We saw how bank transactions fit this way of thinking; the individual transactions are primary, and the account balance is derived from those transactions. Let’s take a look at a few more examples of transition-first thinking and see how the state of the world ends up being derived from those transitions.

Social Media Activity

“Like, comment, and subscribe!” – a common refrain on social media platforms – also captures a straightforward example of a transition-first problem. Users each add individual likes to a post, for example. Each such action is recorded in the backing database. That’s the primary record of what happened.

When people view a given post, however, they don’t see all the individual likes (at least not by default). What they see is a summary which is derived from all the individual likes and represents the current state of the total. From the perspective of the backend database, the individual likes are primary; the derived total is secondary.

Turn-Based Games

Games like chess are well represented as a sequence of transitions. Each player takes a turn to make a move, and at any point in time the state of the game can be derived from the history of moves that have been made leading up to that point.

These are the first 10 moves of each player in Game 1 of the 1996 match between Garry Kasparov and Deep Blue.

  1. e4 c5
  2. c3 d5
  3. exd5 Qxd5
  4. d4 Nf6
  5. Nf3 Bg4
  6. Be2 e6
  7. h3 Bh5
  8. 0-0 Nc6
  9. Be3 cxd4
  10. cxd4 Bb4

The state of the board shown in the image is derived from this sequence of moves.

Image Editing

Edit history from the Pixlr E photo editor.

Image editing tools like Photoshop track your edits to the image you are working on, allowing you to easily undo changes or quickly flip between past image states.

You can think of the current state of the image as being derived from the history of edits to the original image. Each edit is a transition from one image state to another. The edits are the primary activity the user engages in, and the resulting image follows from them.

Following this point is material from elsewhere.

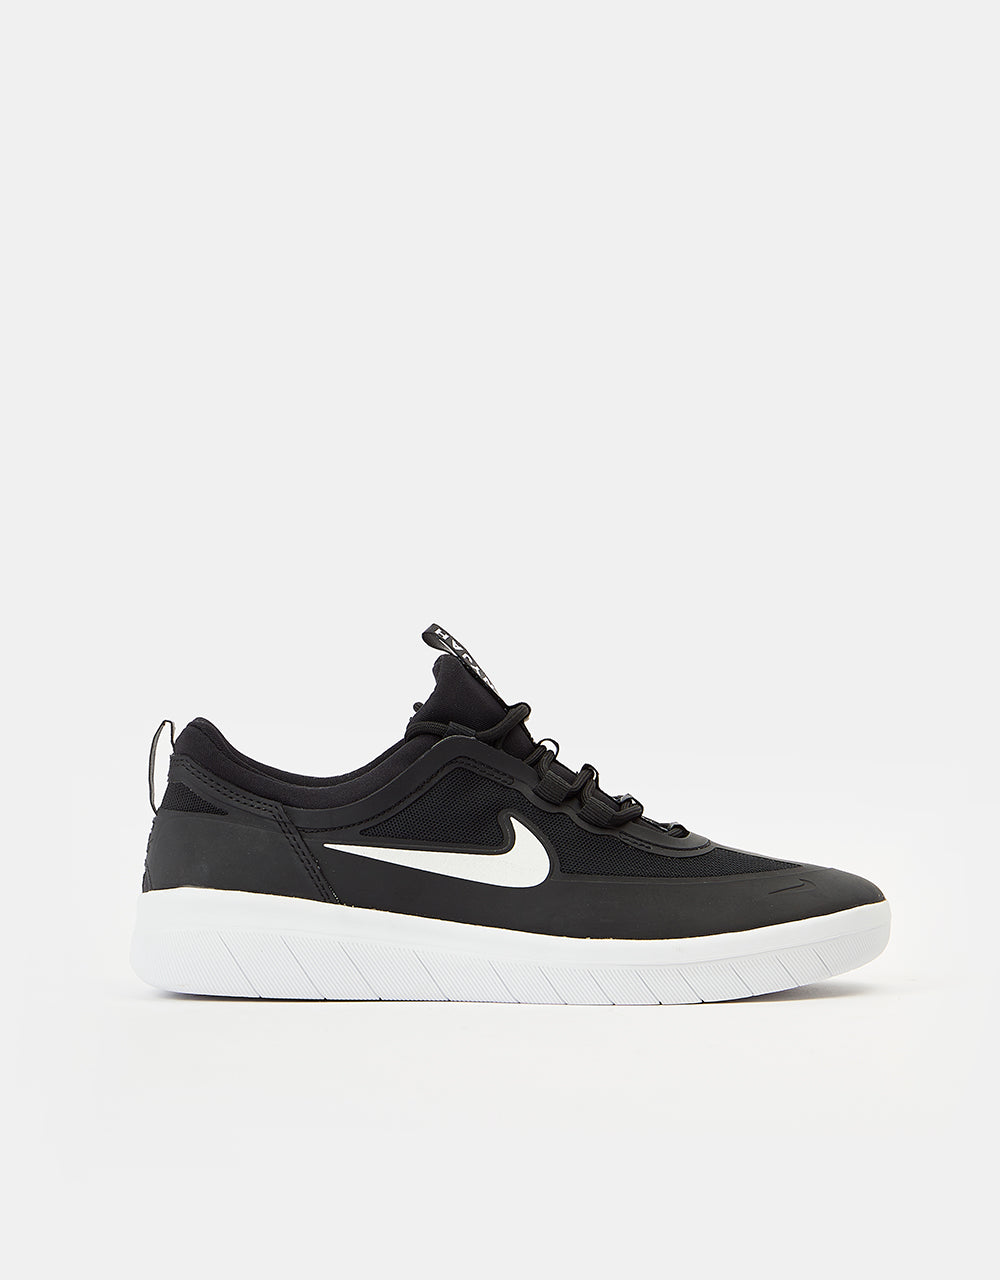 Nike SB Nyjah Free 2 Skate Shoes - Black/White-Black-Black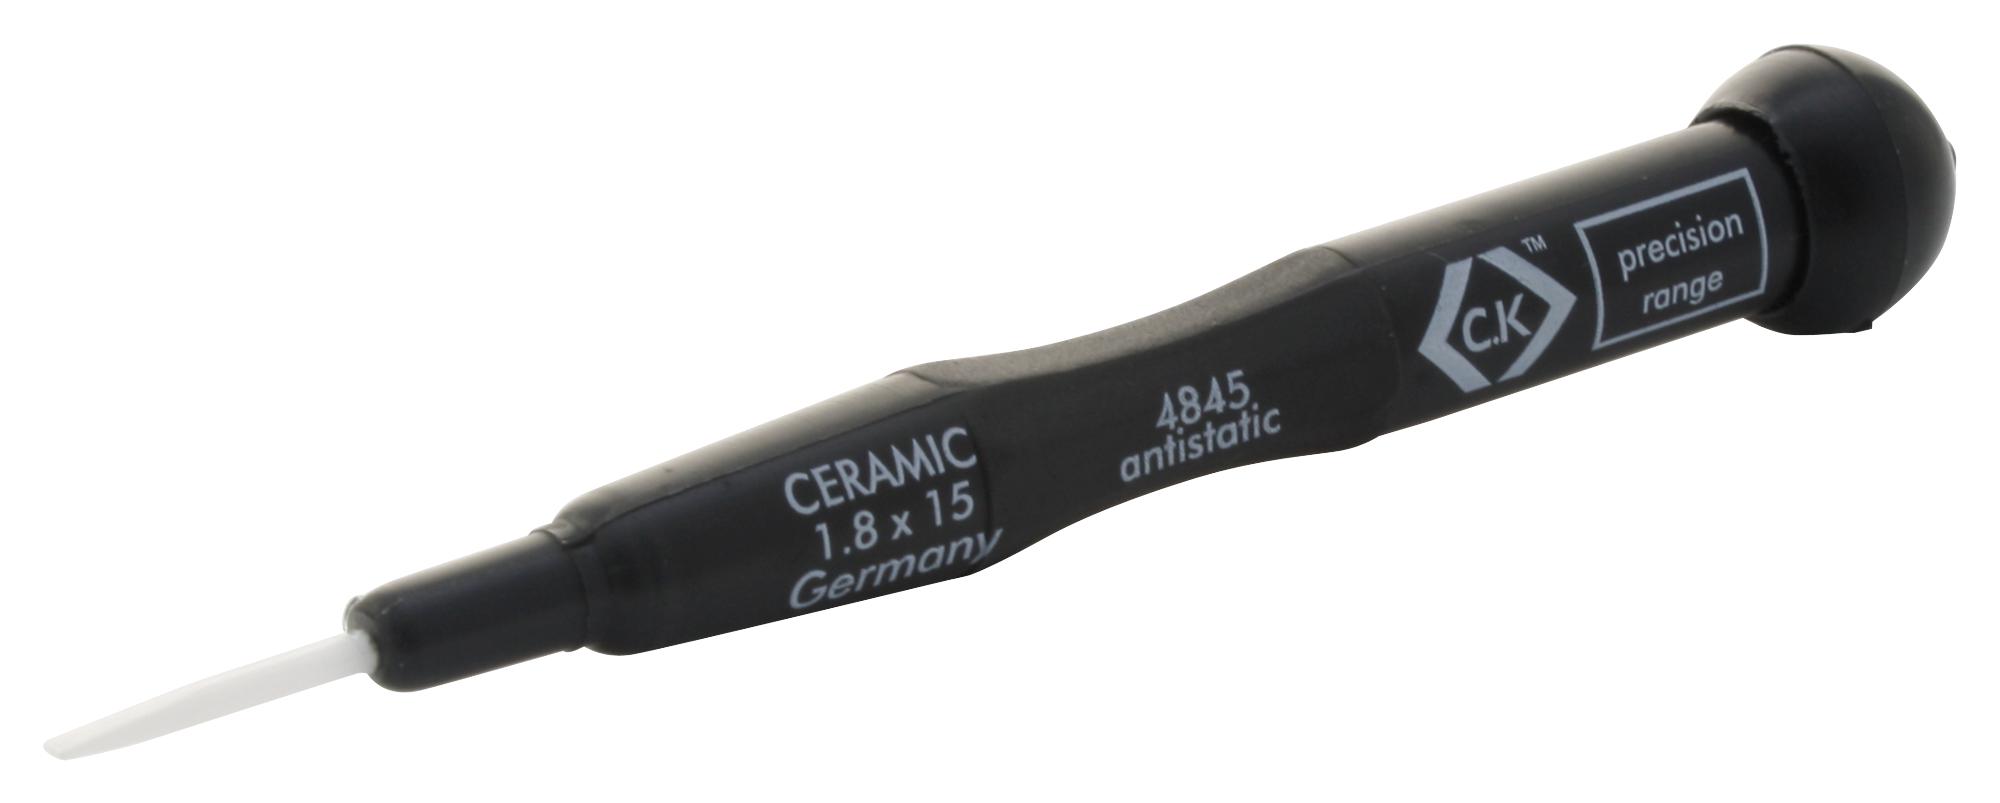 Ck Tools T4845 18 Precision Ceramic Trimmer Sl 1.8X15mm

Source Control: Code Review

This is the other side of source control systems like git. Git lets you focus on the state of your code when you make a commit, and derives from that the transition from one state of the code to another. But after that, almost everything else in git starts with the transitions first and derives from those the state of the code.

A great example of a transitions-first interface is what happens when you submit a code change for review, like a GitHub Pull Request.

A pull request diff from the Apache Spark project.

Instead of presenting the entire code base at once, the pull request focuses on a set of code changes – a “diff” – that a person can review in isolation. Focusing on this limited transformation of the code is what makes code review practical. And when a pull request gets merged in, git uses the encapsulated set of changes to efficiently update all downstream clones of the repository. The diff is primary, and the state of the codebase is derived from a series of transitions (i.e. diffs).

Thanks to Ivan, Michael, and Cip for reading drafts of this post.